======== Source data ========

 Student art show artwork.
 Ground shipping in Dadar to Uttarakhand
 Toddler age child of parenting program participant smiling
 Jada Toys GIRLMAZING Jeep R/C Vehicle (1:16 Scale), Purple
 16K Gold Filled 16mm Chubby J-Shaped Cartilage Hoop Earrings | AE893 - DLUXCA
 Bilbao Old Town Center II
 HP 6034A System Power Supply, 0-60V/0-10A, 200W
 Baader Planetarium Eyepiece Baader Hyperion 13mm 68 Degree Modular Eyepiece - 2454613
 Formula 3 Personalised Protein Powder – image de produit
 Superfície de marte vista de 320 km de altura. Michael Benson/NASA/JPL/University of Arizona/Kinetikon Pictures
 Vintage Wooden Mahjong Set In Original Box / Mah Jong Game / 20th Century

========

Task goal: Please repeat all the records above exactly as they appear.

Exercise response:
 Student art show artwork.
 Ground shipping in Dadar to Uttarakhand
 Toddler age child of parenting program participant smiling
 Jada Toys GIRLMAZING Jeep R/C Vehicle (1:16 Scale), Purple
 16K Gold Filled 16mm Chubby J-Shaped Cartilage Hoop Earrings | AE893 - DLUXCA
 Bilbao Old Town Center II
 HP 6034A System Power Supply, 0-60V/0-10A, 200W
 Baader Planetarium Eyepiece Baader Hyperion 13mm 68 Degree Modular Eyepiece - 2454613
 Formula 3 Personalised Protein Powder – image de produit
 Superfície de marte vista de 320 km de altura. Michael Benson/NASA/JPL/University of Arizona/Kinetikon Pictures
 Vintage Wooden Mahjong Set In Original Box / Mah Jong Game / 20th Century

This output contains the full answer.